All qualitative data were thematically coded using NVivo 14 through a hybrid inductive–deductive approach, detailed in Section 2.3.1, with analysis centered on five dimensions: policy alignment, stakeholder inclusion, data integration, evaluation logic, and SDG orientation [32].

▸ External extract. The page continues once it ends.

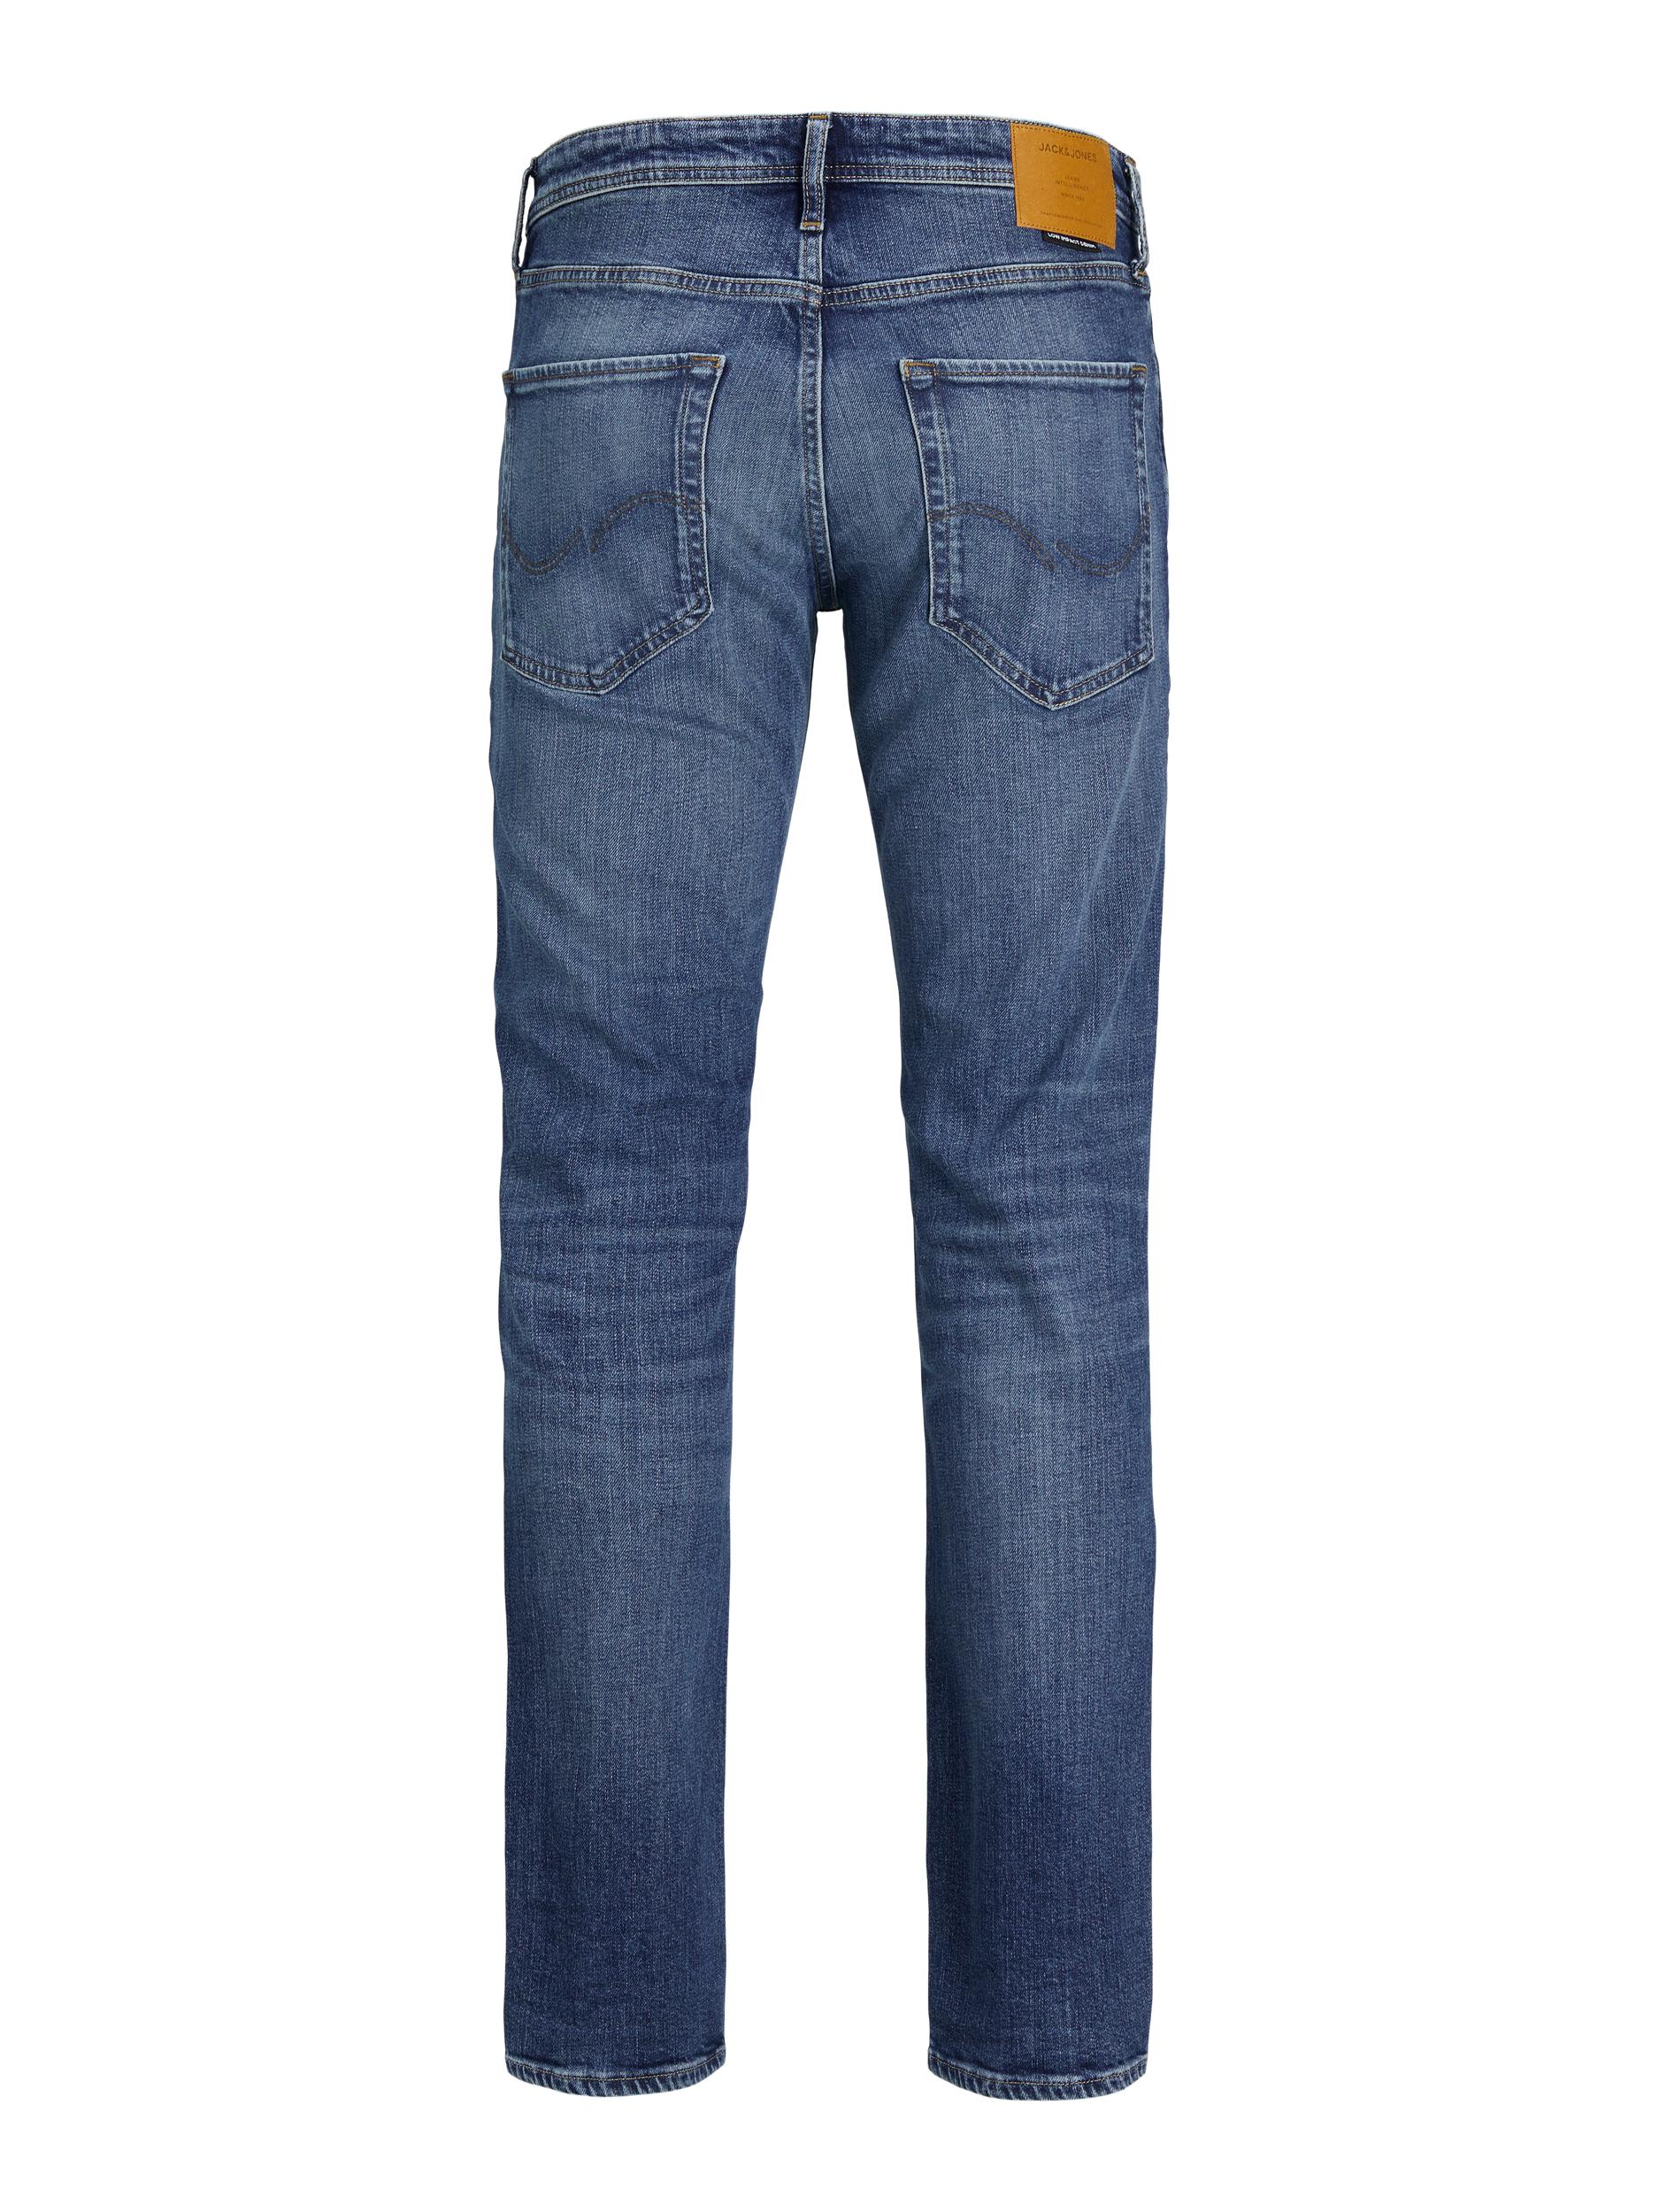  Clark Jeans, Blue Denim, W28/L32

Table 1. Overview of data sources and analytical purposes
|
Data Type |
Source |
Purpose |
|
Policy Documents |
RPJMD, RKPD, APBD, RENSTRA OPD |
Mapping alignment, performance indicators, and priorities |
|
Legal Frameworks |
Law No. 23/2014, Law No. 25/2004, Perda 3/2024 |
Establishing planning mandates and institutional roles |
|
Stakeholder Interviews |
BAPPEDA, DPRD, CSOs, academics (n = 15) |
Identifying institutional gaps, participation, and logic |
|
Observational Data |
Musrenbang forums, SIPD dashboard audits |
Validating participatory and digital practices in real time |
2.4 Analytical framework and component mapping
The D-SMART model consists of five interlinked components that are systematically embedded across the regional planning and budgeting cycle. Each component is mapped to relevant governance instruments, emphasizing digital integration and alignment with SDG targets (see Table 2).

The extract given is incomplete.